Regarding the effect of the feedback manipulation, the predictions are not entirely clear, and our study is more exploratory in nature. When feedback is full, participants immediately see whether their current choice has been good or not: If the outcome value of the chosen option is lower than that of the unchosen option, they have missed an opportunity to earn more. Such a realization may give rise to feelings of regret for not having acted differently, and as a result may push participants to switch choices in the next round. This is not the case when feedback is partial, so that participants observe only the outcome of the chosen option, but not the outcome of the unchosen option.

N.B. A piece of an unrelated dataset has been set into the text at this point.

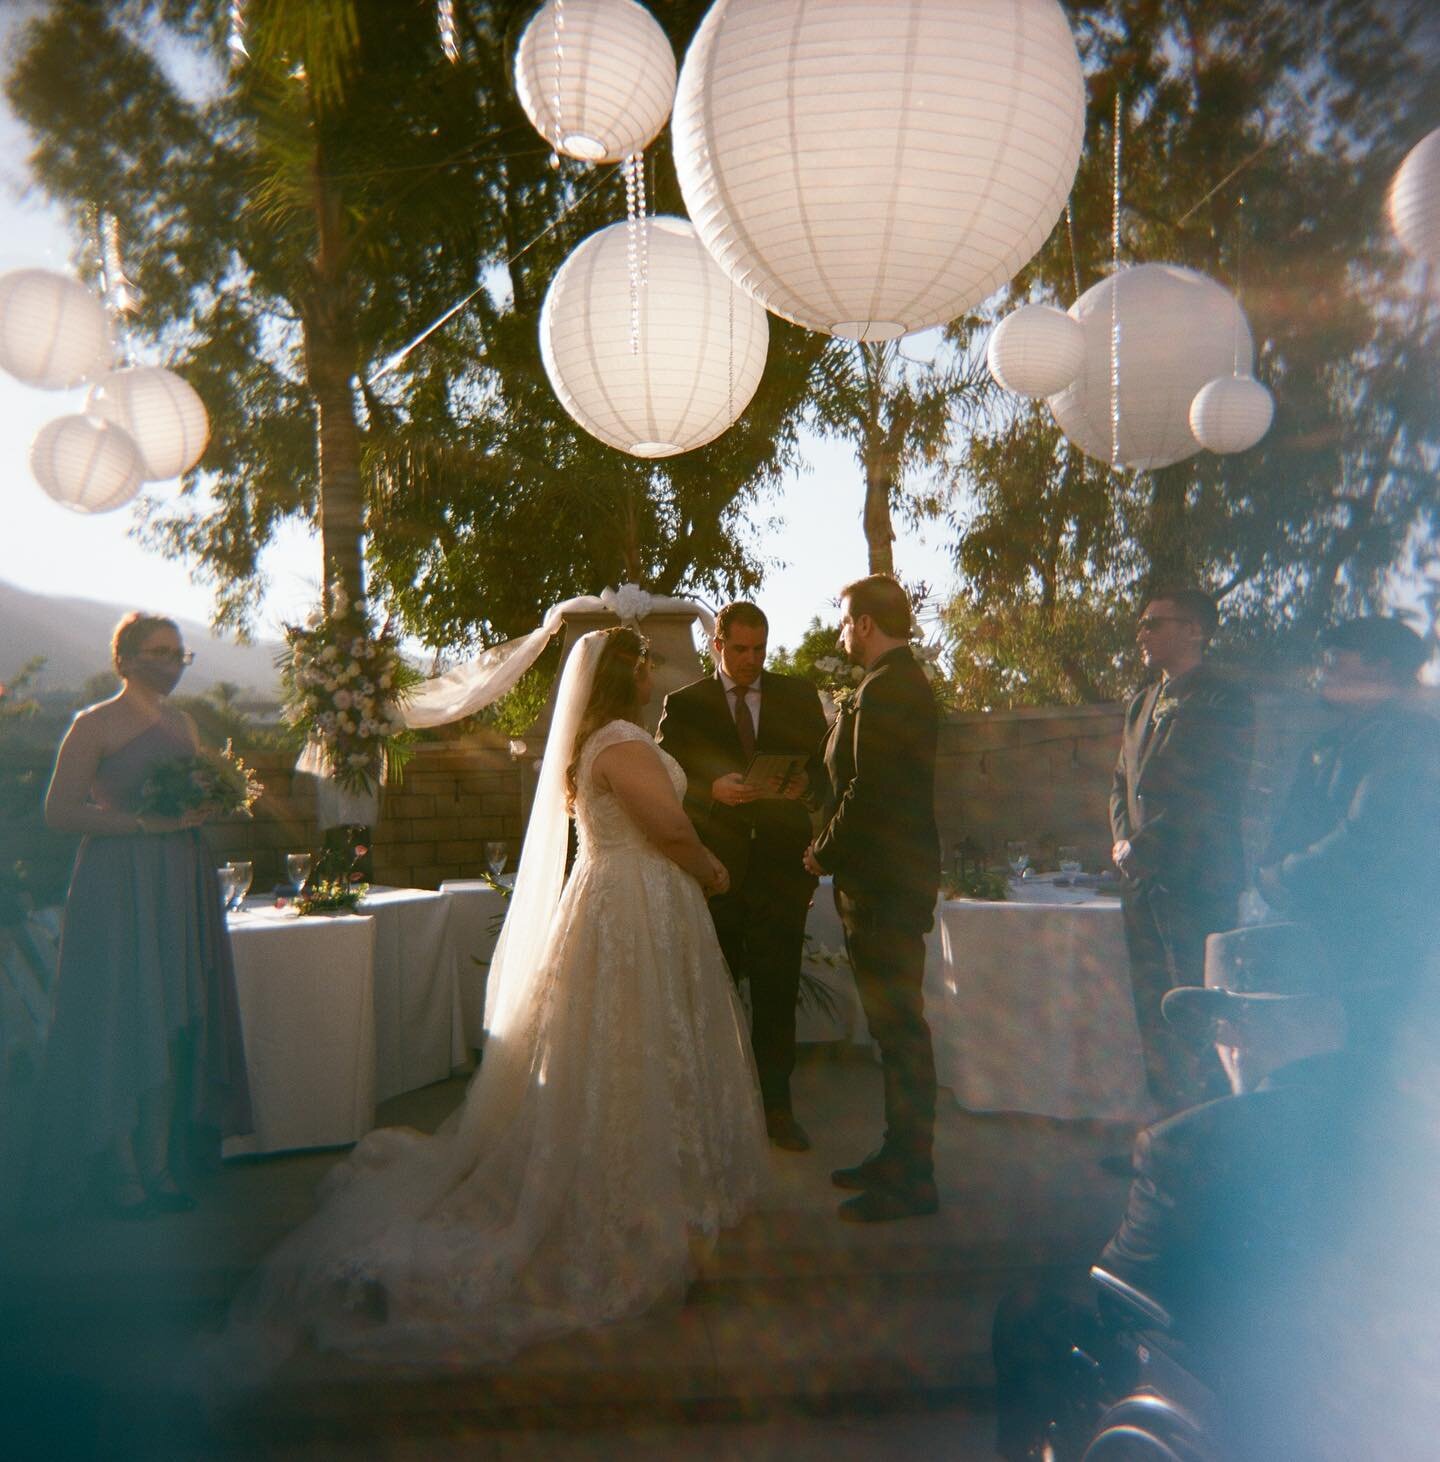 Alex + Alicia on their wedding day #120mm #holga

Note, however, that the last sentence needs to be qualified: Even in the partial-feedback condition, after having chosen the riskier option, the participants can infer whether or not the counterfactual outcome was better than the actual outcome (though not by how much), because the task constraints imply that the outcome values of the safer option are either both better (if the riskier outcome came out low) or both worse (if the outcome came out high). Such inference is impossible if the participant has chosen the safer option, because in that case no information is available regarding a possible missed opportunity.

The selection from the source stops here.